Abstract
Smartphone camera or inertial measurement unit (IMU) sensor-based systems can be independently used to provide accurate indoor positioning results. However, the accuracy of an IMU-based localization system depends on the magnitude of sensor errors that are caused by external electromagnetic noise or sensor drifts. Smartphone camera based positioning systems depend on the experimental floor map and the camera poses. The challenge in smartphone camera-based localization is that accuracy depends on the rapidness of changes in the user’s direction. In order to minimize the positioning errors in both the smartphone camera and IMU-based localization systems, we propose hybrid systems that combine both the camera-based and IMU sensor-based approaches for indoor localization. In this paper, an indoor experiment scenario is designed to analyse the performance of the IMU-based localization system, smartphone camera-based localization system and the proposed hybrid indoor localization system. The experiment results demonstrate the effectiveness of the proposed hybrid system and the results show that the proposed hybrid system exhibits significant position accuracy when compared to the IMU and smartphone camera-based localization systems. The performance of the proposed hybrid system is analysed in terms of average localization error and probability distributions of localization errors. The experiment results show that the proposed oriented fast rotated binary robust independent elementary features (BRIEF)-simultaneous localization and mapping (ORB-SLAM) with the IMU sensor hybrid system shows a mean localization error of 0.1398 m and the proposed simultaneous localization and mapping by fusion of keypoints and squared planar markers (UcoSLAM) with IMU sensor-based hybrid system has a 0.0690 m mean localization error and are compared with the individual localization systems in terms of mean error, maximum error, minimum error and standard deviation of error.
Highlights
Indoor localization systems are classified as either building dependent or building independent based on the sensors used for localization [1]
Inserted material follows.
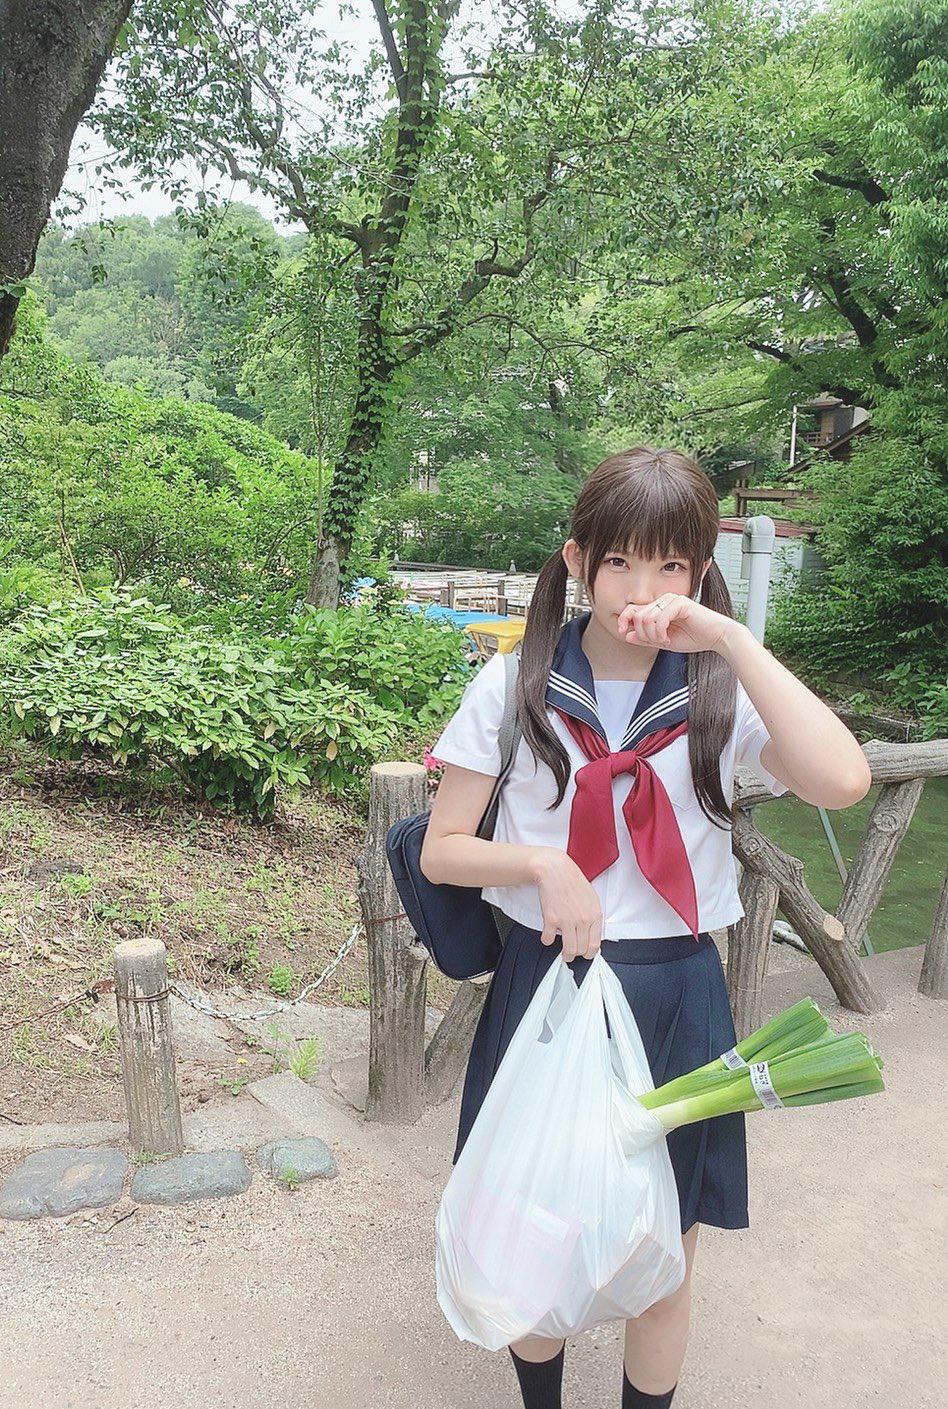 JK双马尾《女高中生Enako是我老婆》止不住的妄想这不就是梦寐以求的另一伴吗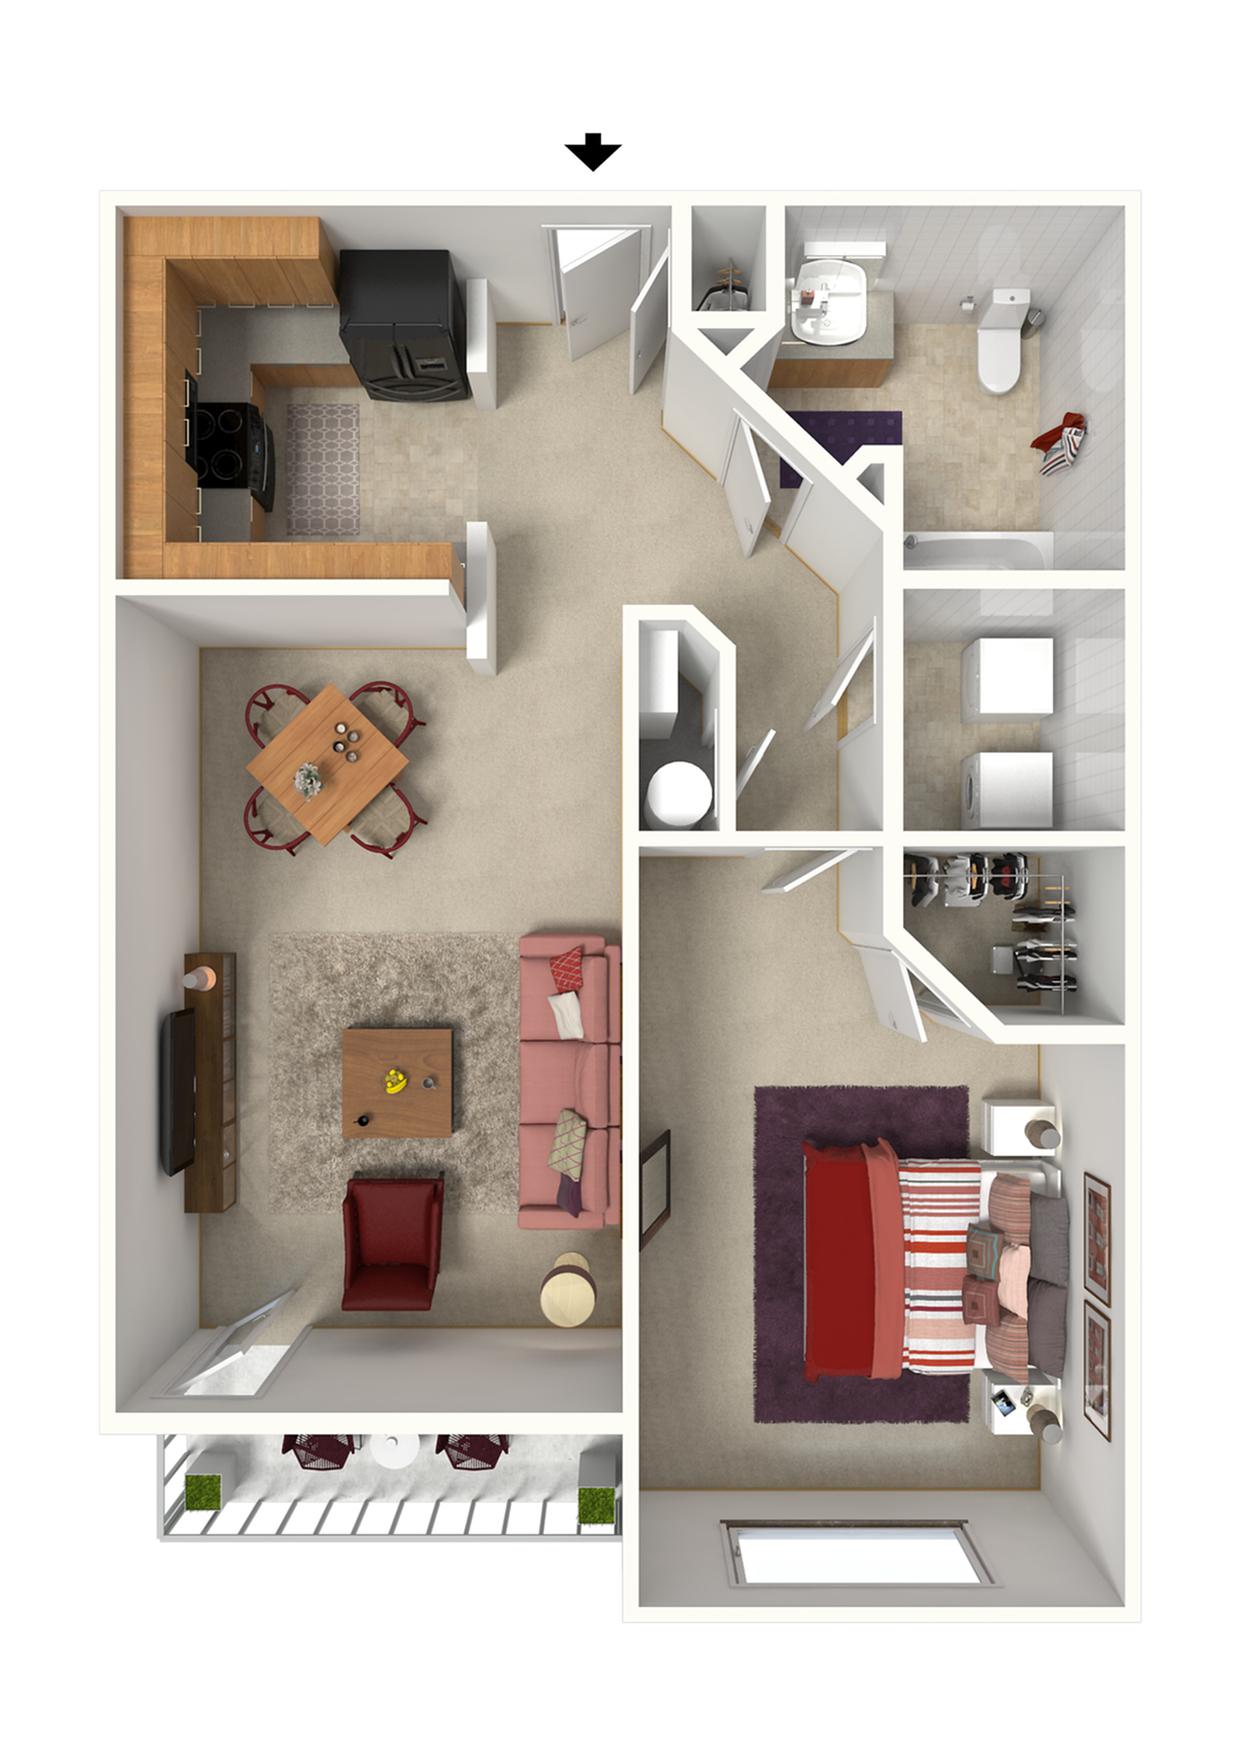 Terrace - x1x - 768 SqFt.

The inertial measurement unit (IMU) sensor used in pedestrian dead reckoning (PDR) systems includes the accelerometer, magnetometer and gyroscope sensors and these sensors give user position based on user heading and step length information
We developed a simultaneous localization and mapping (SLAM) by fusion of keypoints and squared planar markers (UcoSLAM) algorithm proposed by Munoz-Salinas et al [11] for the camera based localization system by adding markers to the experiment area
Summary
Indoor localization systems are classified as either building dependent or building independent based on the sensors used for localization [1]. The limited level of accuracy in IMU sensors is due to the accumulated errors from accelerometer, drift errors from gyroscope and external magnetic fields that affect the magnetometer. These sensor errors degrade indoor position accuracy, the need for compensation. In the proposed hybrid systems, the results from the IMU-based system are used to compensate the heading error from the camera-based system. Experimental results demonstrate the effect of the proposed hybrid fusion method and the proposed hybrid method reduces the sensor errors for IMU localization and heading error for the camera based localization system.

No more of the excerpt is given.